On Fri, Jun 12, 2026 at 5:16 PM Cong Wang <xiyou.wangcong@gmail.com> wrote:
>
> Two new ioctls are introduced:
>
>   SECCOMP_IOCTL_NOTIF_PIN_INSTALL
>
>     Supervisor names an active notification id, a memfd it owns,
>     and a target address+size. Kernel grabs the trapped task's
>     mm via get_task_mm(), calls vm_mmap_pgoff_to_mm() with
>     MAP_FIXED | MAP_SHARED, PROT_READ, and VM_SEALED in
>     extra_vm_flags. On success the VMA is installed in the
>     target's mm, immediately sealed against munmap/mremap/
>     mprotect/MAP_FIXED-stomp from the target itself and any
>     CLONE_VM peer. The range is recorded on the listener filter
>     for SEND_REDIRECT validation.
>

I haven't read the code, but I think this at least conceptually makes
a decent amount of sense.  But...

>   SECCOMP_IOCTL_NOTIF_SEND_REDIRECT
>
>     Resumes the trapped syscall (like FLAG_CONTINUE) with
>     arg-register substitution. The supervisor supplies an
>     args_mask (which arg registers to replace), a ptr_mask
>     (which of those are pointers, validated to fall inside an
>     installed pin) and replacement values. The kernel saves
>     the trapped task's original arg registers into a small
>     heap record, writes substituted values via
>     syscall_set_arguments(), and queues a task_work callback
>     that fires at user-mode return after the syscall completes
>     to restore the original registers. This preserves the
>     caller-saved arg-register ABI invariant for callers that
>     expected register contents to survive across the syscall
>     (compilers under LTO, inline-asm syscall wrappers, anything
>     that doesn't strictly follow psABI).
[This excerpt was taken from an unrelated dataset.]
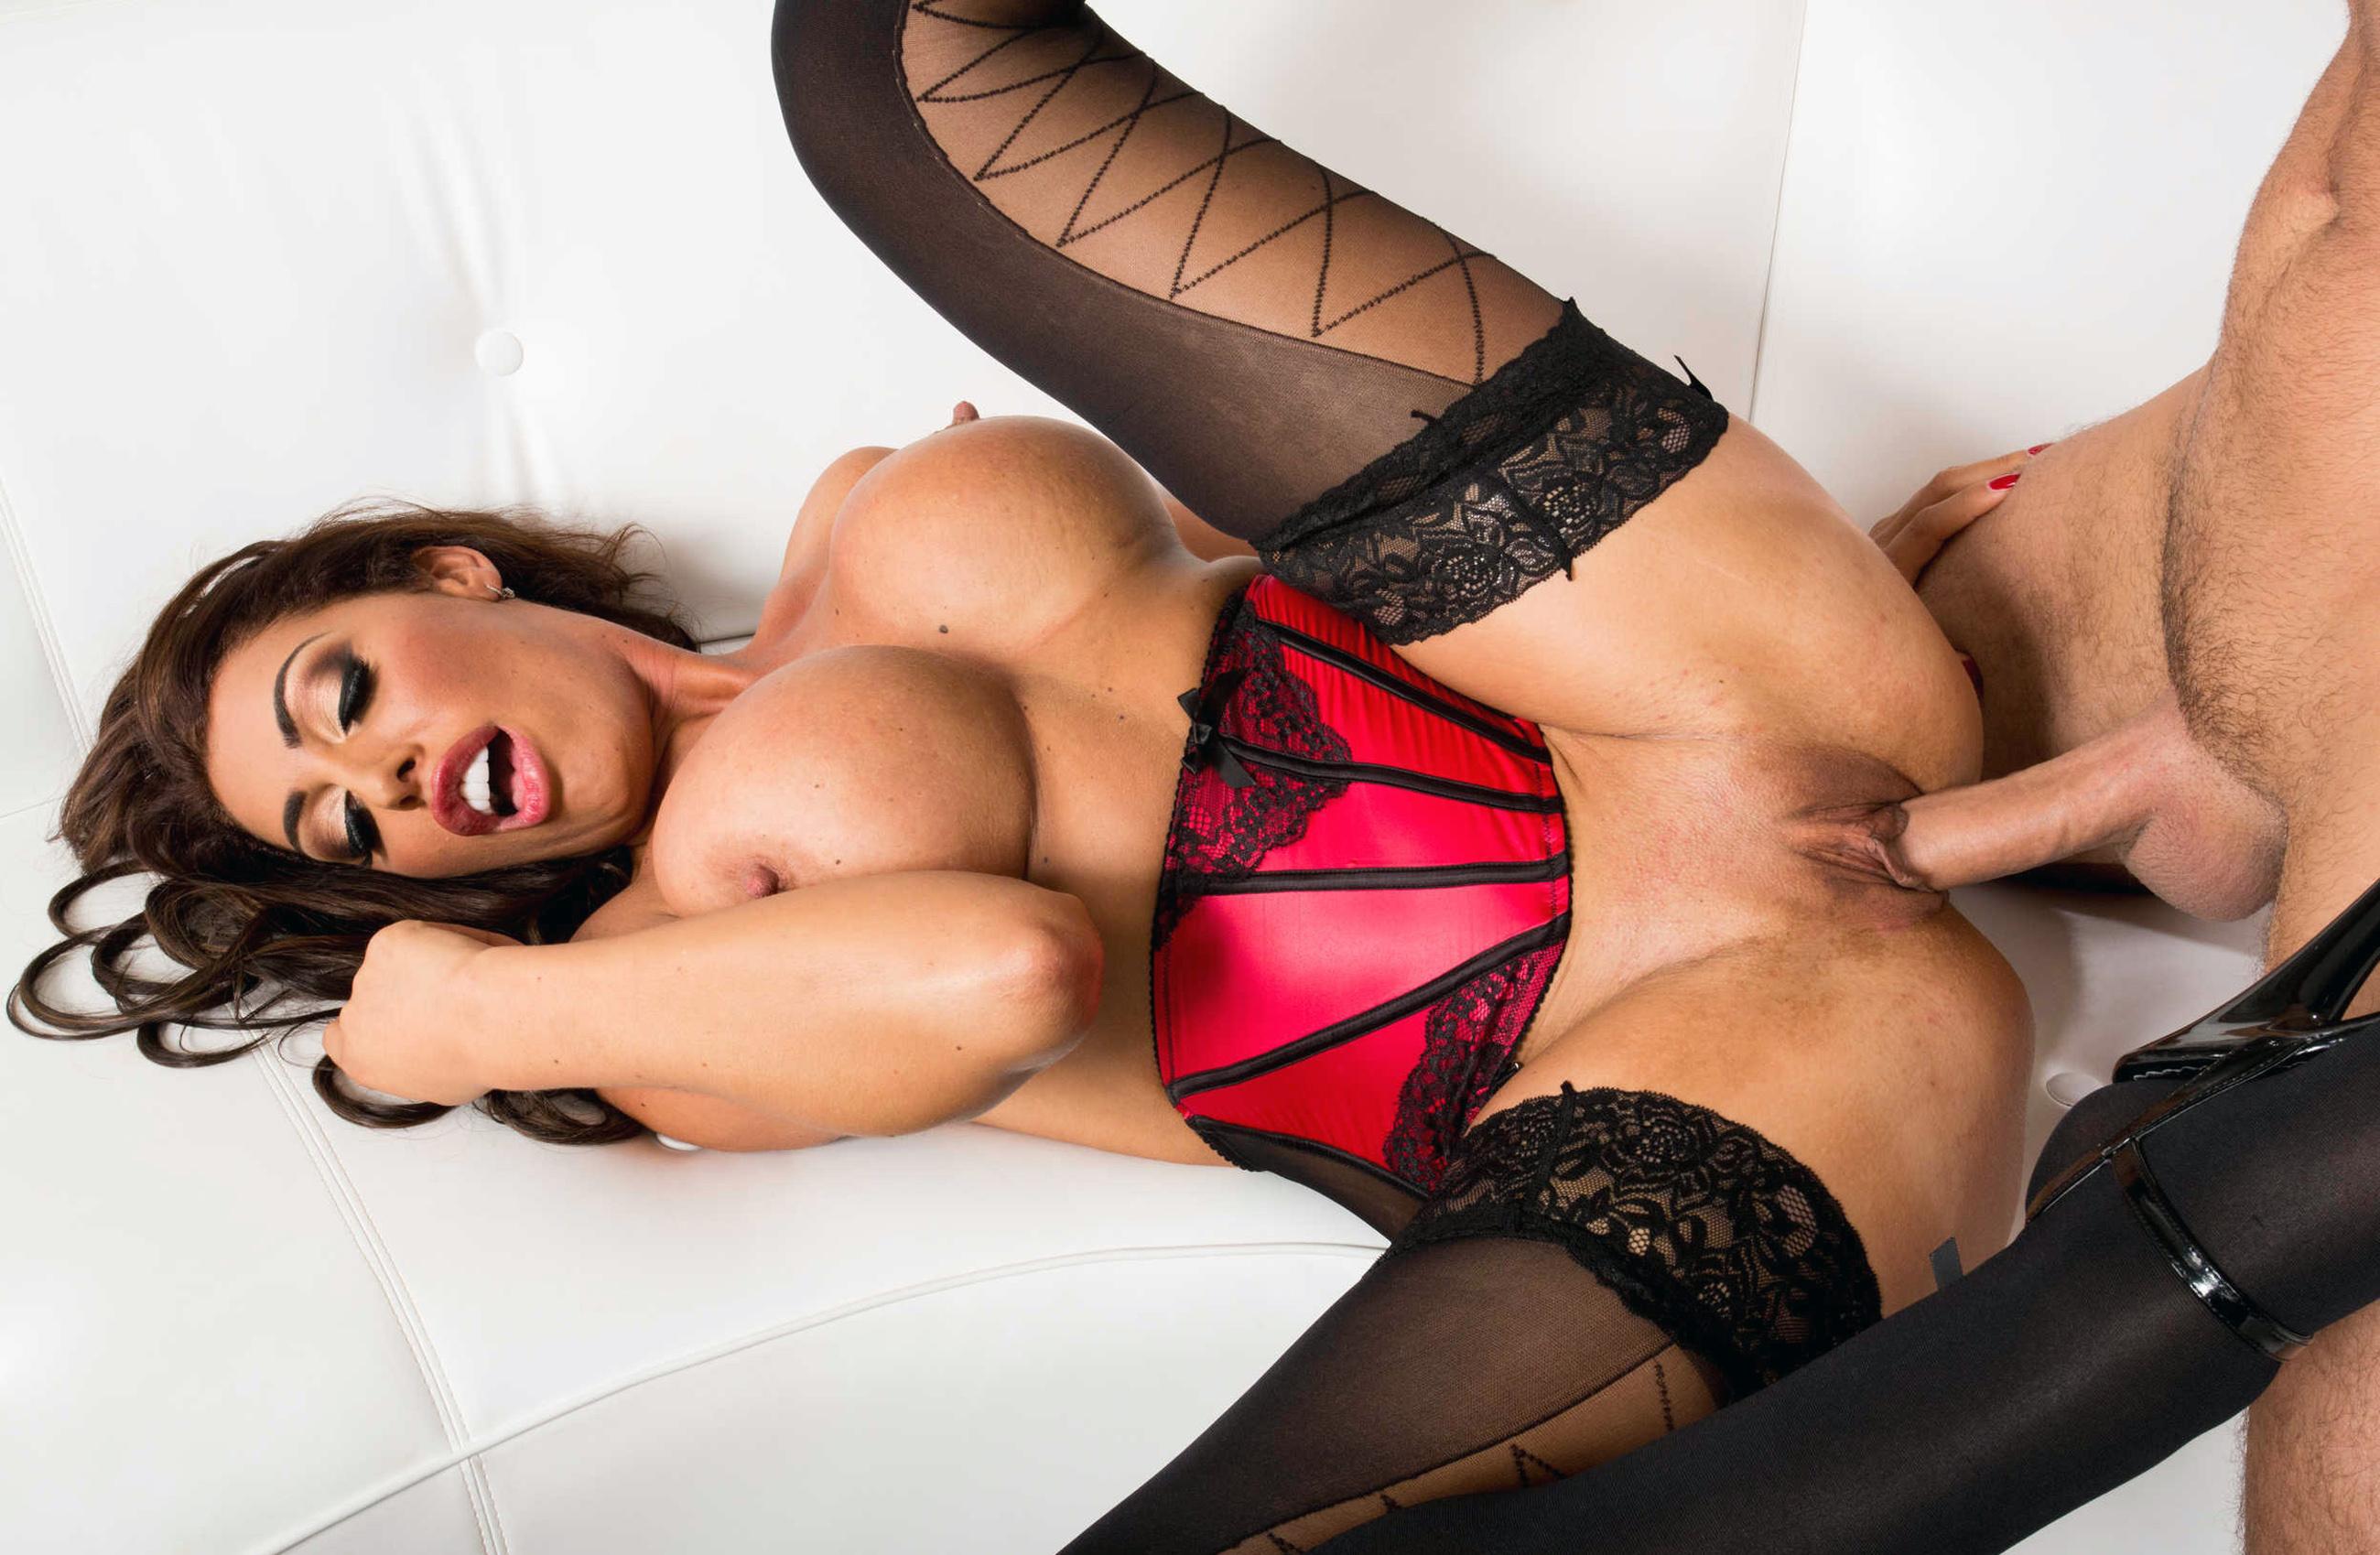 Hardcore porn xxx tits boobs pussy
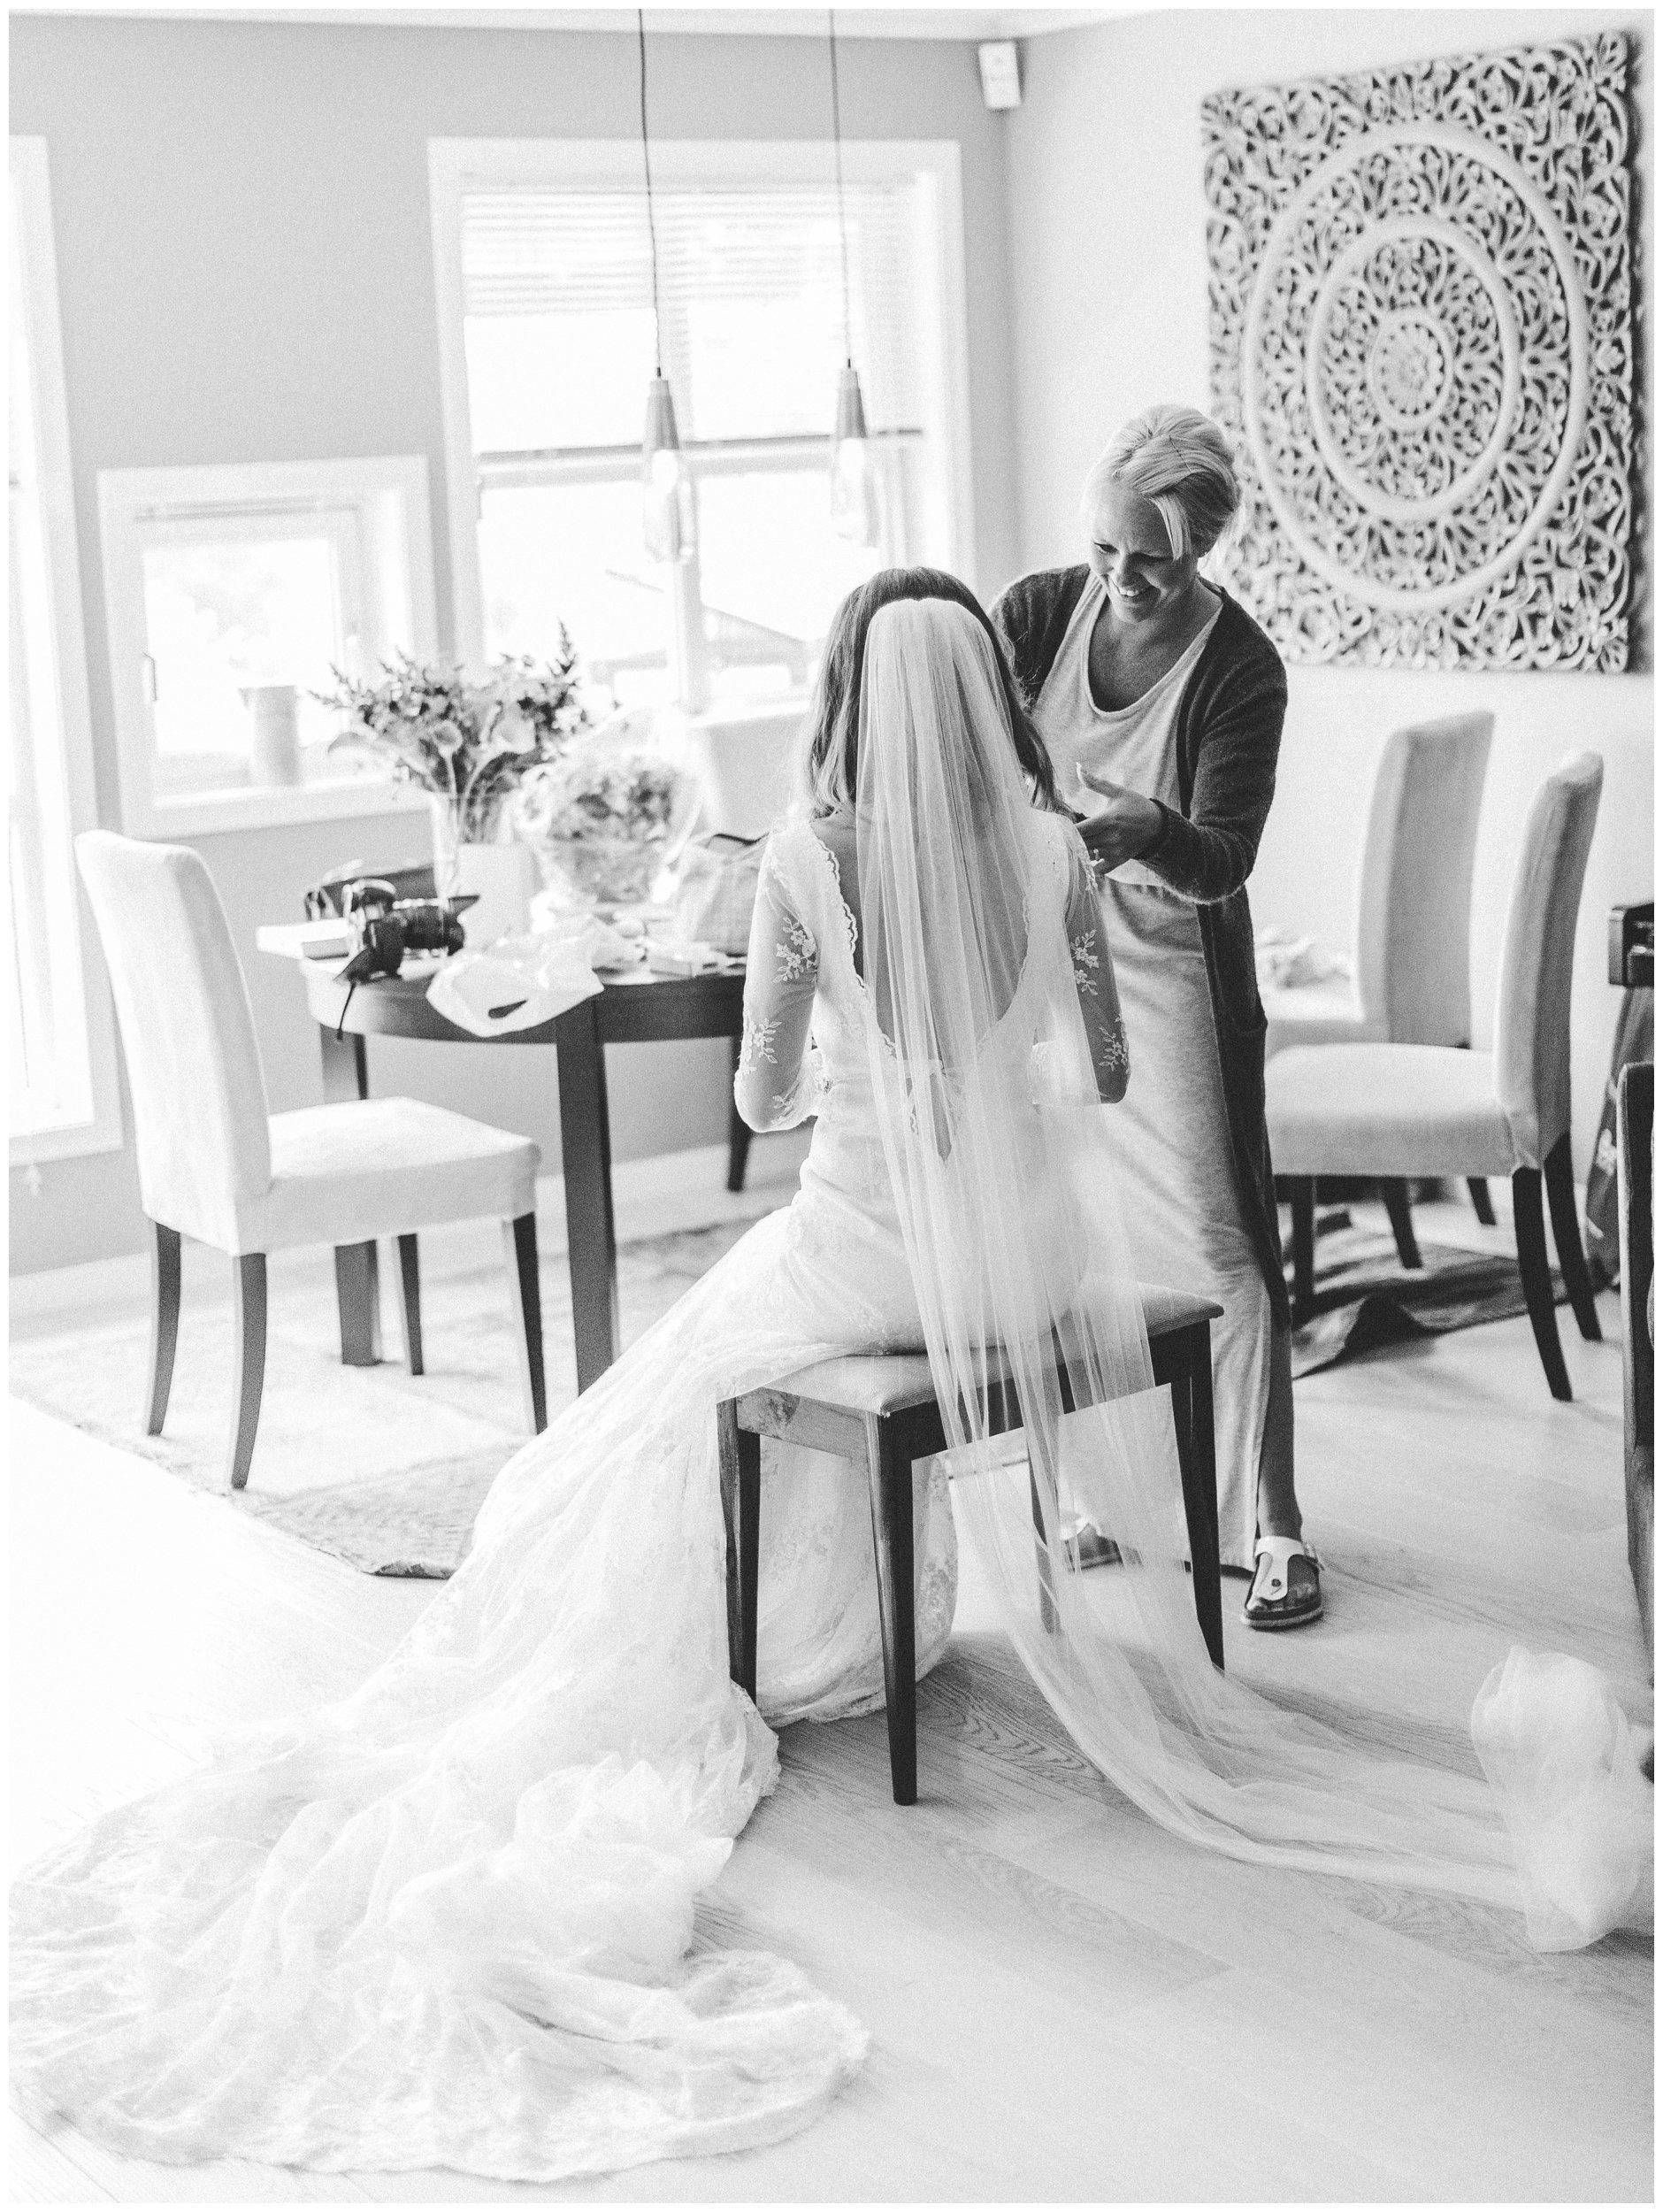 Bryllupsforberedelser med bruden og hennes slør

Here there be dragons, and I kind of alluded to some of those dragons
in my recent message about STRICT, but let's be more thorough.

I'm going to totally ignore the implementation for now (which I think
has a memory leak, but whatever -- this is solvable, at least in
principle).  Conceptually, SEND_REDIRECT is handling a seccomp action
by doing a syscall that may be different from the originally requested
syscall.  And we have a whole host of potential issues, some related
to security and some related to functionality.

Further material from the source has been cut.